# Anyone from Philippines?



## HedgehogOP (Mar 26, 2014)

Am I the only one here that's from Philippines?


----------



## lilsurfergrlsp (Dec 13, 2013)

I am 

Well, I live in the US but I was born in Baguio. I know that doesn't really answer your question, but I've definitely seen posts on here from people from the Philippines. There are some vet recommendations for the Philippines too. If you want, you can search the forum for stuff related to the Philippines. There is a lot of good information!


----------



## HedgehogOP (Mar 26, 2014)

Glad to see that there are members from Philippines


----------



## FluffyMars (Mar 19, 2014)

Well this doesn't count but my boyfriend is from the Phillipines, he grew up there but now we live together in Florida.


----------



## Tongue_Flicker (Jun 11, 2013)

Hey there! Didn't know you were new. I live somewhere at the middle in a place called Antique. Quite far from the mainland metro but the best place for having animals around


----------



## HedgehogOP (Mar 26, 2014)

I wish metro manila is not so urban.


----------



## rusty (Apr 1, 2014)

hello jaybee &#55357;&#56842; what happened to ur hedgehog?


----------



## HedgehogOP (Mar 26, 2014)

He's been laying around all day


----------



## rusty (Apr 1, 2014)

same with my hedgehog he always lying the wholeday. It means theres something wrong with my hedgehog too?


----------



## rusty (Apr 1, 2014)

what brand of your cat food?


----------



## HedgehogOP (Mar 26, 2014)

"Our current after lunch time temps now hits 95F degrees (35C degrees) Hedgies just laying down there flat are normal for this season" 

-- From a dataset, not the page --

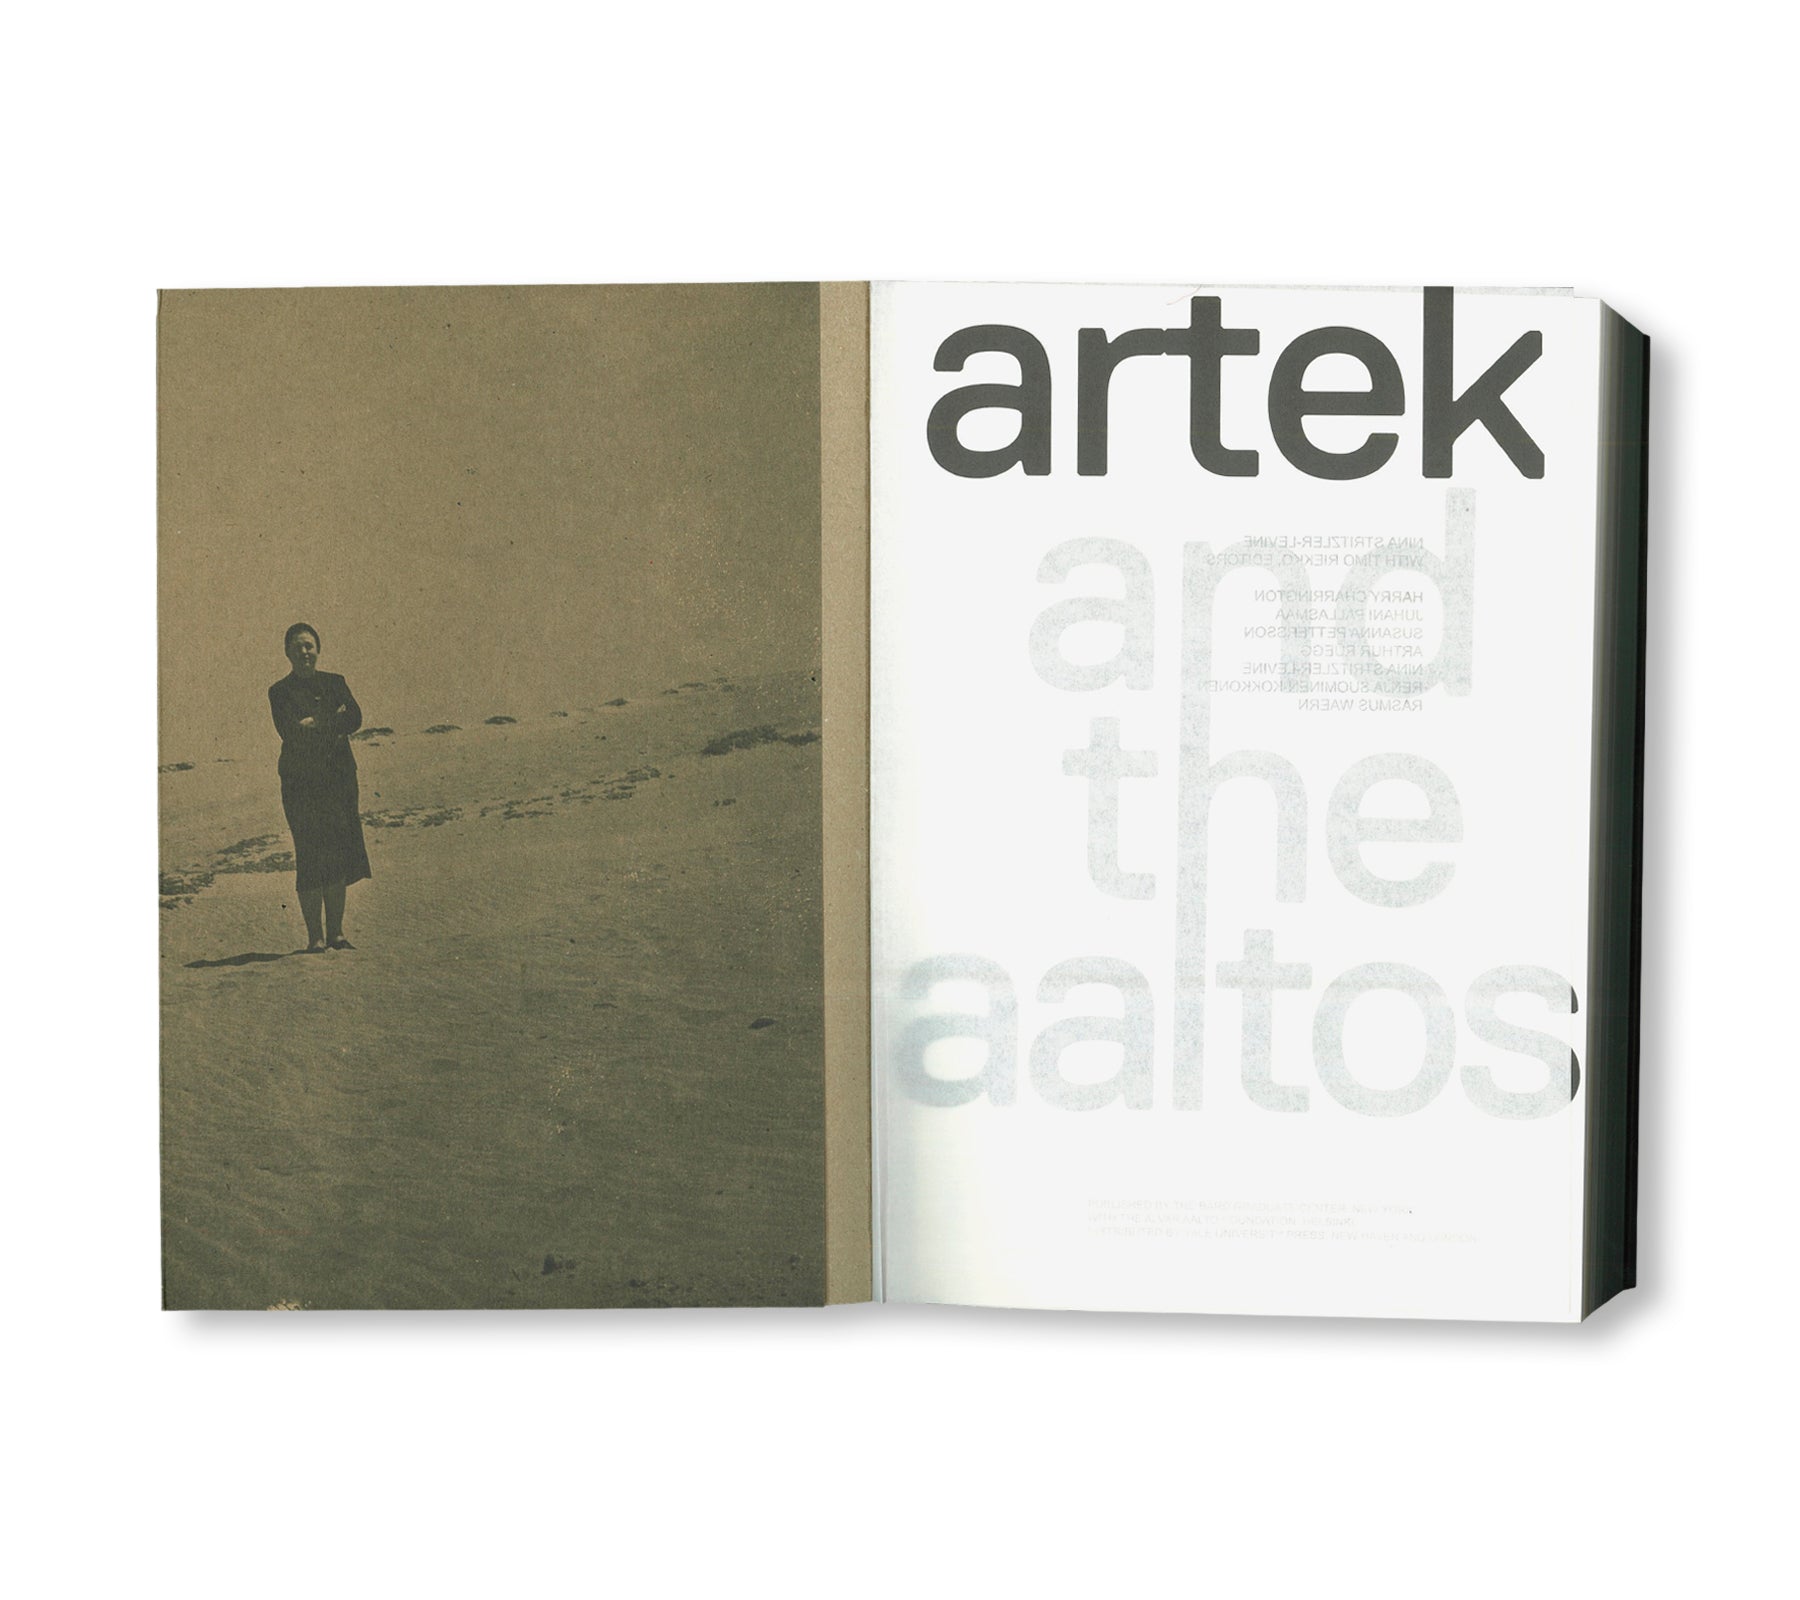 ARTEK AND THE AALTOS: CREATING A MODERN WORLD
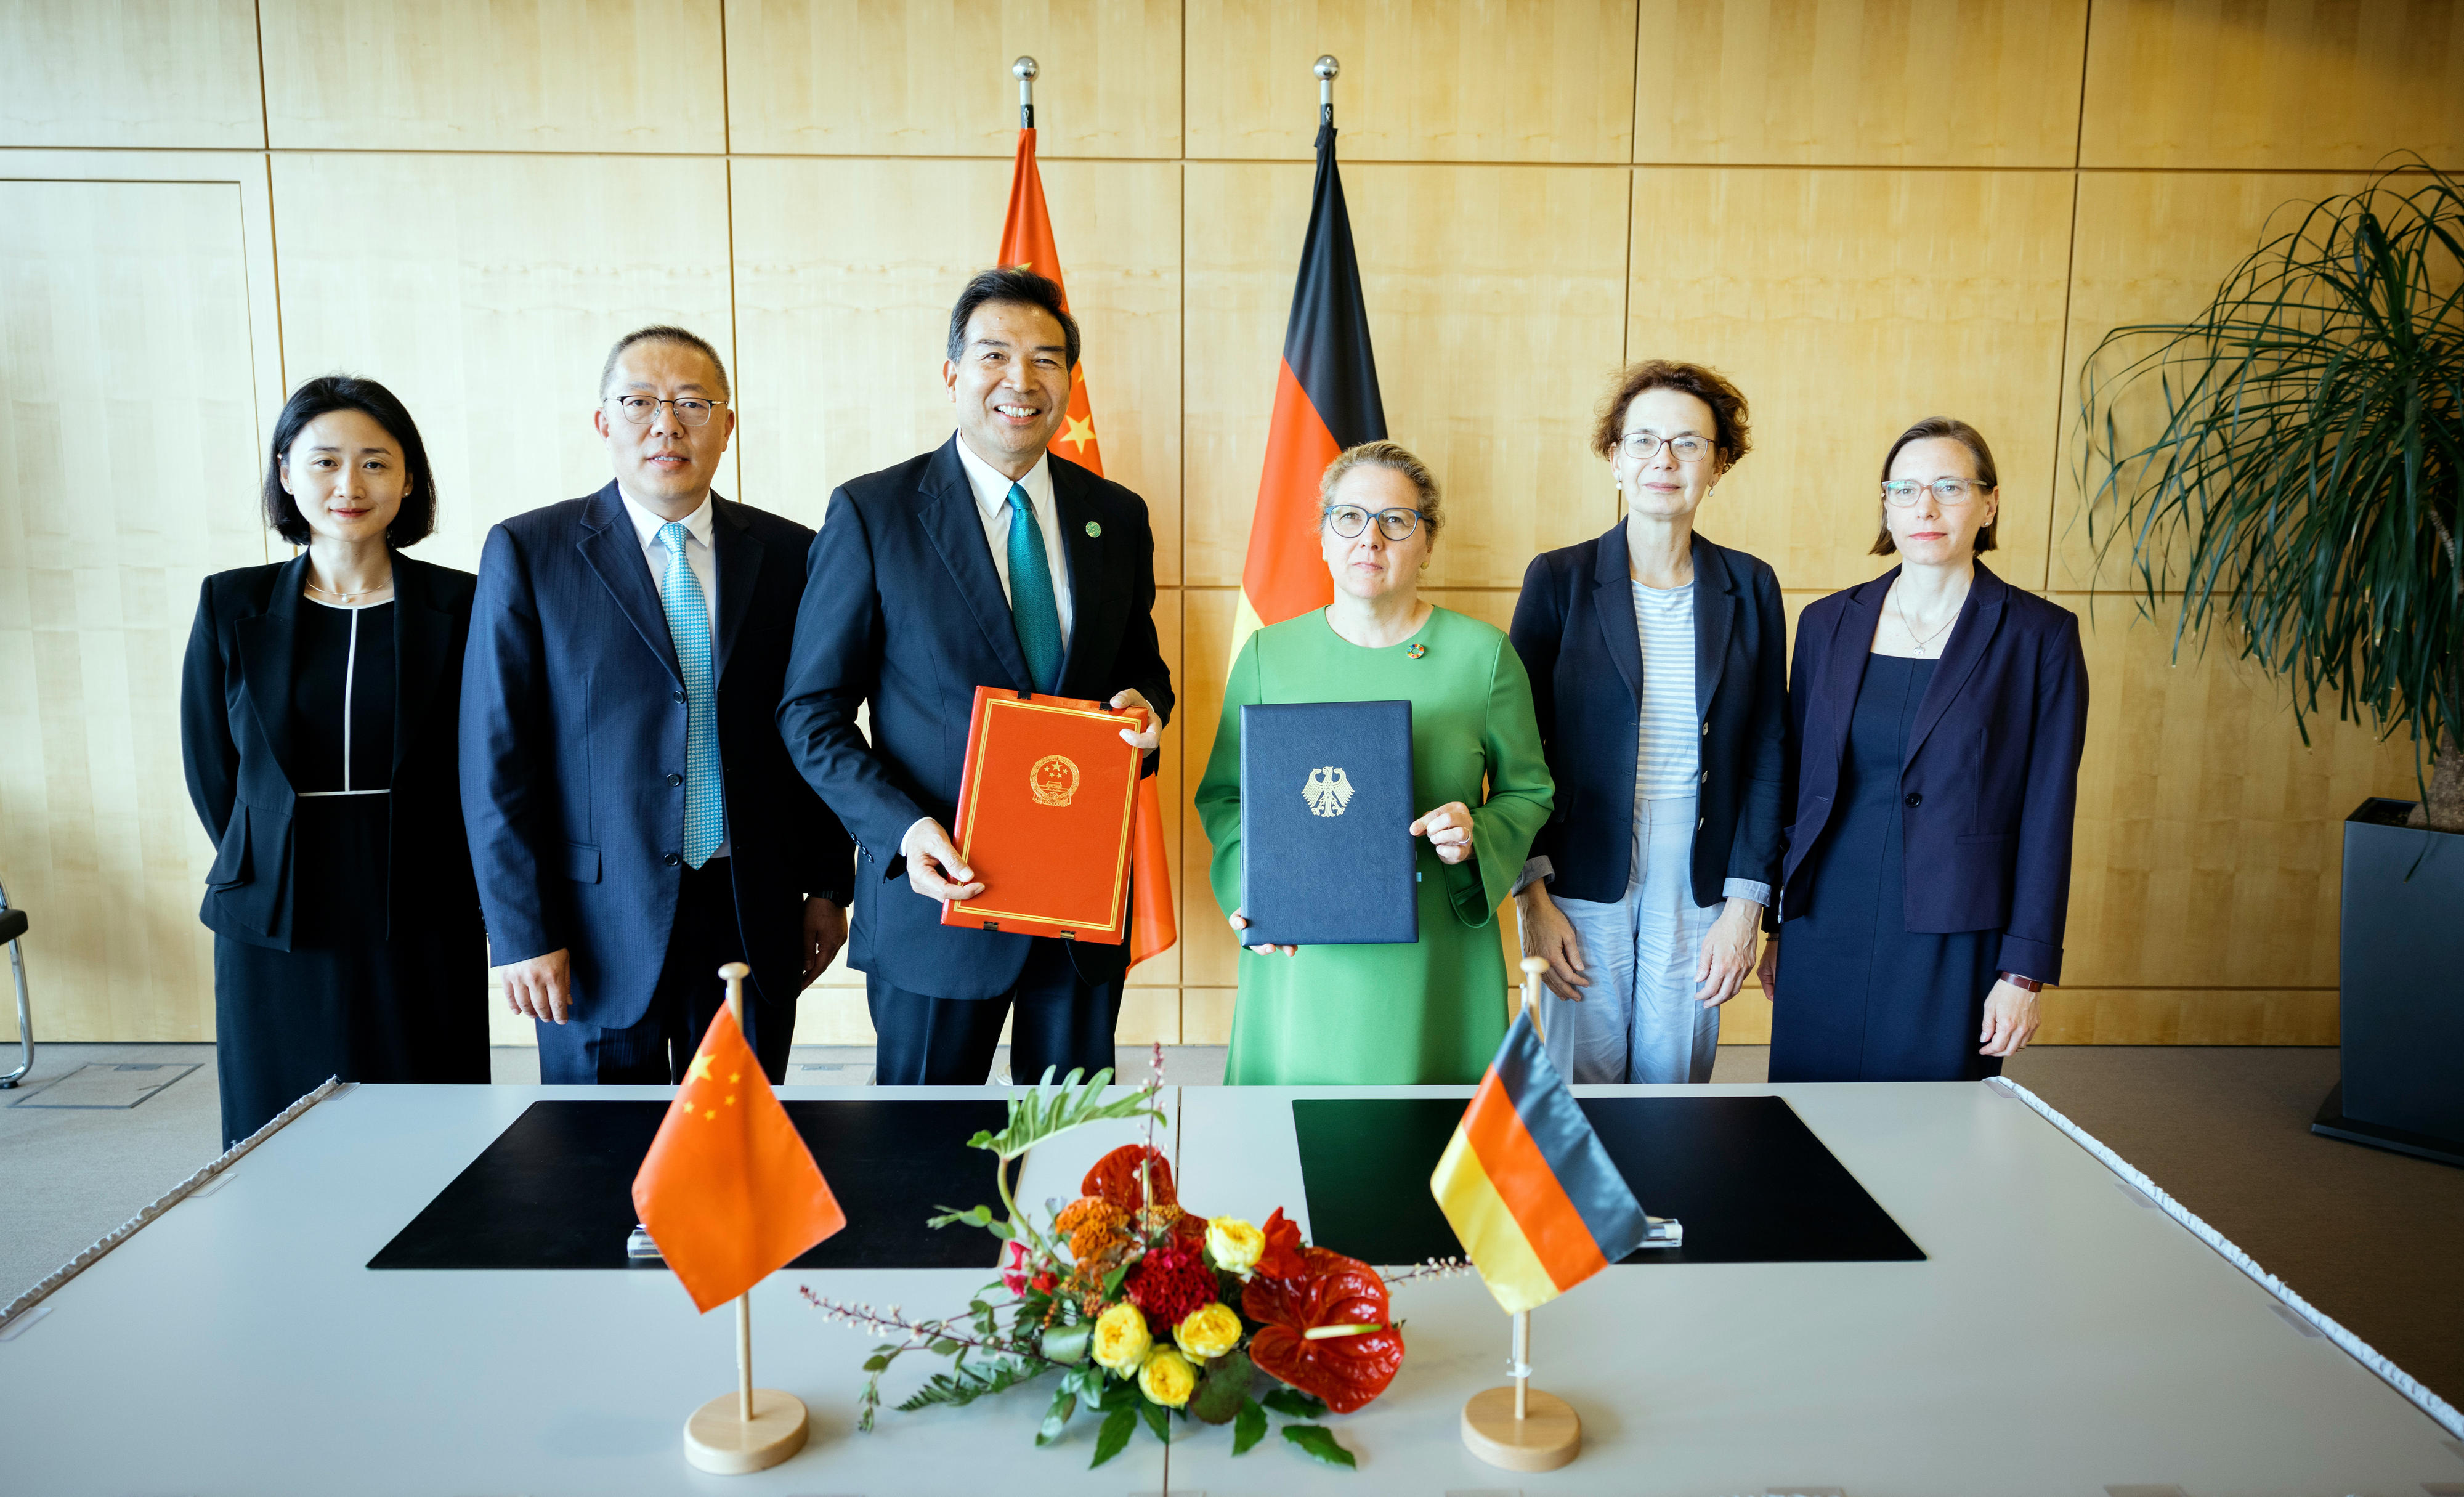 Entwicklungsministerin Svenja Schulze und Luo Zhaohui, Vorsitzenden der chinesischen Entwicklungsagentur CIDCA sowie Mitglieder der deutschen und chinesischen Delegation bei der Unterzeichnung des gemeinsamen Aktionsplans in Berlin

This is what tongue_flicker said to me  thanks to him I have no worries.


----------



## miyonette22 (Apr 21, 2013)

That's called aestivation. It's really very common during summer months here. But don't ignore it coz many hedgehogs die of too much heat and sudden weather changes. You can help cool them down by adding up a ceramic tile in their bin for them to splat on and/or a frozen water in a bottle.


----------



## Tongue_Flicker (Jun 11, 2013)

Placing a fan or putting them somewhere dark and cool helps as well. Subjecting them to an airconditioned room is not recommended especially if the temp changes is abrupt or changed to quickly. Unless of course your house is centralized then you'll have no other choice


----------



## kuroneko (Apr 4, 2014)

I'll try these for my babies... thanks )


----------